Во дворе коллегии королевскую карету встретили декорации и транспаранты, изображавшие различные народы, склонившиеся перед Людовиком; латинские двустишия под ними на все лады восхваляли могущество, славу и набожность его христианнейшего величества. Сама трагедия была полна высокопарной чуши в адрес Людовика и ругательств над его врагами. Авторы дошли до того, что нарочно допустили некоторые неточности в стихах, чтобы дать королю случай поправить эти места и тем самым показать свой тонкий вкус.
Людовик остался доволен вечером: ему понравился и сюжет трагедии, льстивший его тщеславию, и волнение актеров, смущенных присутствием «короля-Солнца», и подобострастное внимание святых отцов, которые аплодировали при малейшем знаке одобрения с его стороны…
Король сделал ректору несколько замечаний, касающихся стиля трагедии и ее постановки, и тот, несмотря на благосклонную улыбку августейшего критика, побранил потупившихся сочинителей и актеров. Уезжая, Людовик бросил последний взгляд на декорации во дворе и поблагодарил ректора за приятный вечер. При этом один придворный стал довольно громко восхищаться за спиной короля достоинствами профессоров и учеников. Людовик оборвал его на полуслове.
– Что ж здесь удивительного? – сказал он, садясь в карету. – Ведь это моя коллегия.
Эти слова подали ректору мысль изменить название школы. До сих пор на фасаде здания висела деревянная доска с латинской надписью «Collegium Claromontanum» и изображением креста. За одну ночь вместо этой доски изготовили и повесили плиту из черного мрамора, на которой золотыми буквами было высечено: «Collegium Ludovici Magni» («Коллегия Людовика Великого»); крест был заменен лилиями.

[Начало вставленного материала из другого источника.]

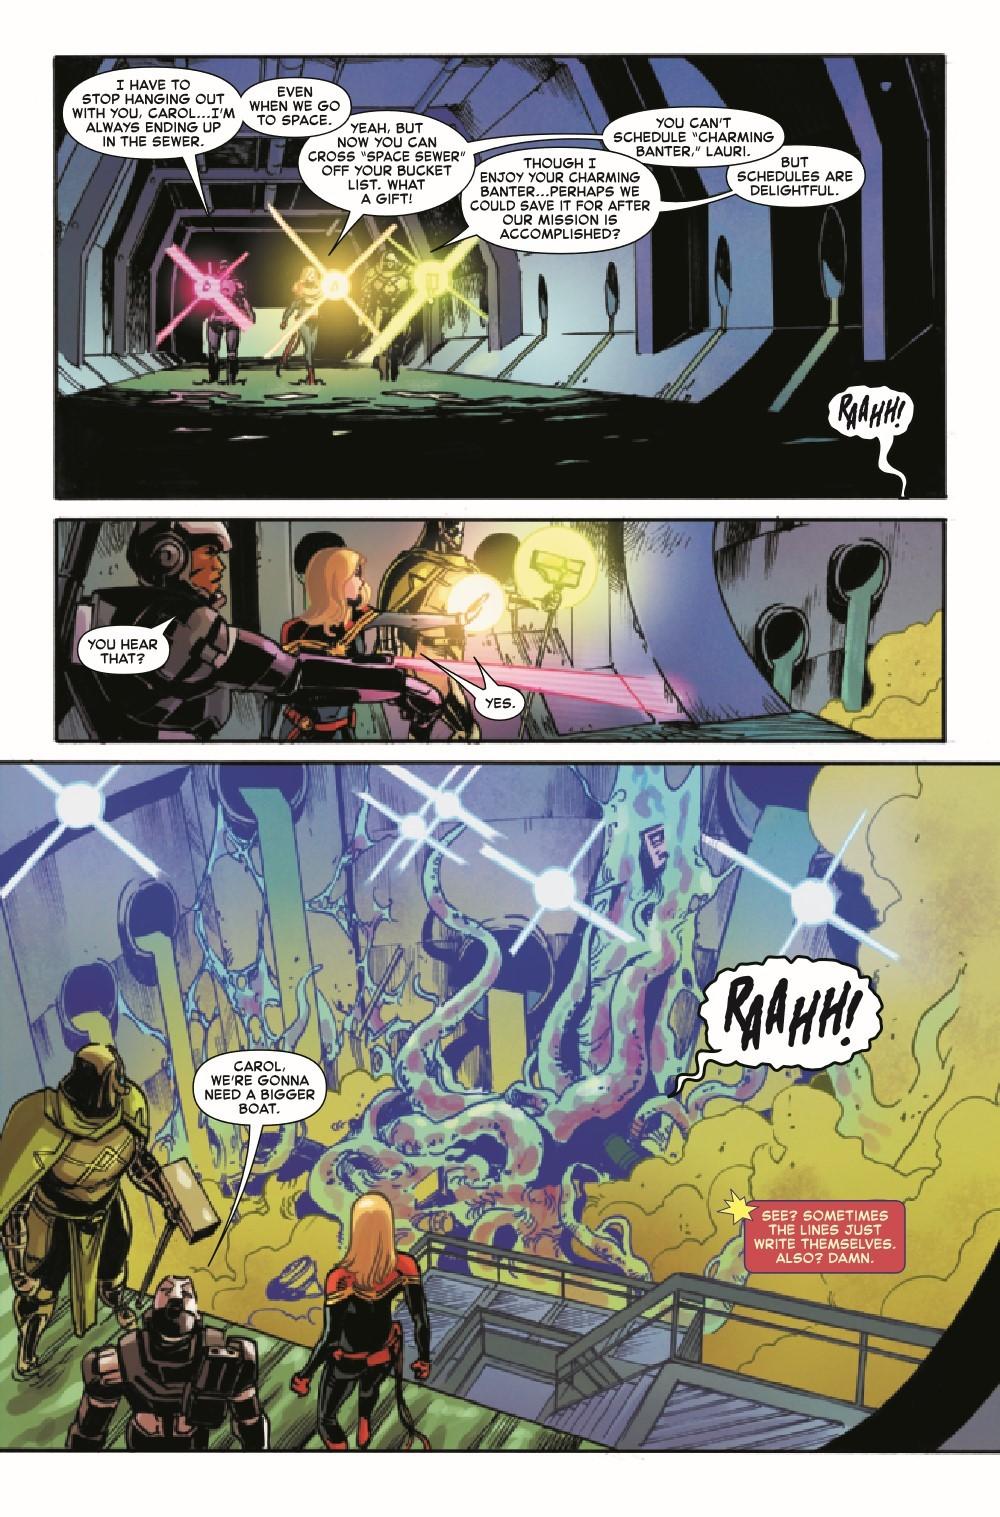 CAPMARV2019031_Preview-6 ComicList Previews: CAPTAIN MARVEL #31

Наутро в коллегии только и было разговоров, что о вчерашнем посещении короля и перемене названия школы. Среди учеников коллегии был некто Франсуа Сельдон, шестнадцатилетний юноша из богатой ирландской семьи. Его родители, по обычаю того времени, отправили юношу в Париж, чтобы он научился там всему, что подобало знать дворянину. Но он не мог привыкнуть к жесткой дисциплине иезуитского училища и всячески увиливал от занятий. Вчера Сельдон не присутствовал на празднике, поэтому утром он с изумлением уставился на черную мраморную плиту у входа в коллегию и бросился расспрашивать своих товарищей. Разузнав обо всем, он решил посмеяться над верноподданническим рвением святых отцов. После занятий он подозвал фонарщика, что-то прошептал ему на ухо, сунул в руку экю и передал лист бумаги…
На другой день ученики увидели на дверях коллегии латинское двустишие:
Эпиграмма произвела страшную суматоху. Сначала ее заметили одни ученики и радостно подхватили. Затем о ней узнали профессора и приказали тотчас снять ее, но было поздно – к вечеру стихи декламировал весь город.
Ректор срочно созвал совещание. Скандальный листок ходил по рукам профессоров, вызывая множество толков и предположений: одни обвиняли в случившемся бенедиктинцев, другие грешили на янсенистов… Наконец один профессор узнал почерк Сельдона.
Из расспросов учеников и фонарщика, который во всем сознался, были получены бесспорные доказательства его вины. Совет коллегии решил всем составом отправиться в Версаль, чтобы поблагодарить короля за полученное к тому времени позволение сохранить новое название коллегии и попросить о заключении виновного в Бастилию.
Выслушав иезуитов, Людовик нахмурил брови и тотчас же выдал бланк на арест шутника, добавив, что подобная дерзкая выходка заслуживает самого сурового наказания.
На следующий день Франсуа Сельдон не явился в коллегию: его арестовали той же ночью. Юношу связали, точно какого-нибудь убийцу, бросили в карету и отвезли в Бастилию.
На несчастного Сельдона напал страх, когда он увидел, что все встречавшиеся на пути солдаты и тюремщики закрывали лицо или отворачивались при его приближении, – он не знал, что таковы были обычные меры предосторожности, предписанные уставом Бастилии. Затем страх сменился удивлением при виде того, как офицеры на глазах у Сельдона поделили между собой отобранные у него часы, деньги и другие вещи.
Его поместили на третий этаж одной из башен, в просторную пустую комнату, куда свет едва проникал через маленькое окно без стекол и с толстой решеткой. В потемках с трудом можно было рассмотреть несколько предметов, составлявших ее меблировку, – сломанную кровать, стул без спинки и стол, изъеденный червями; разорванный матрас издавал невыносимое зловоние.
Мало-помалу его глаза привыкли к темноте, и Сельдон различил надписи на стенах, сделанные на многих языках. Одна из них гласила: «Вот уже двадцать лет сижу я в этой комнате, двадцать лет я спрашиваю у людей, что я им сделал, и у Бога – зачем Он оставляет меня жить и страдать».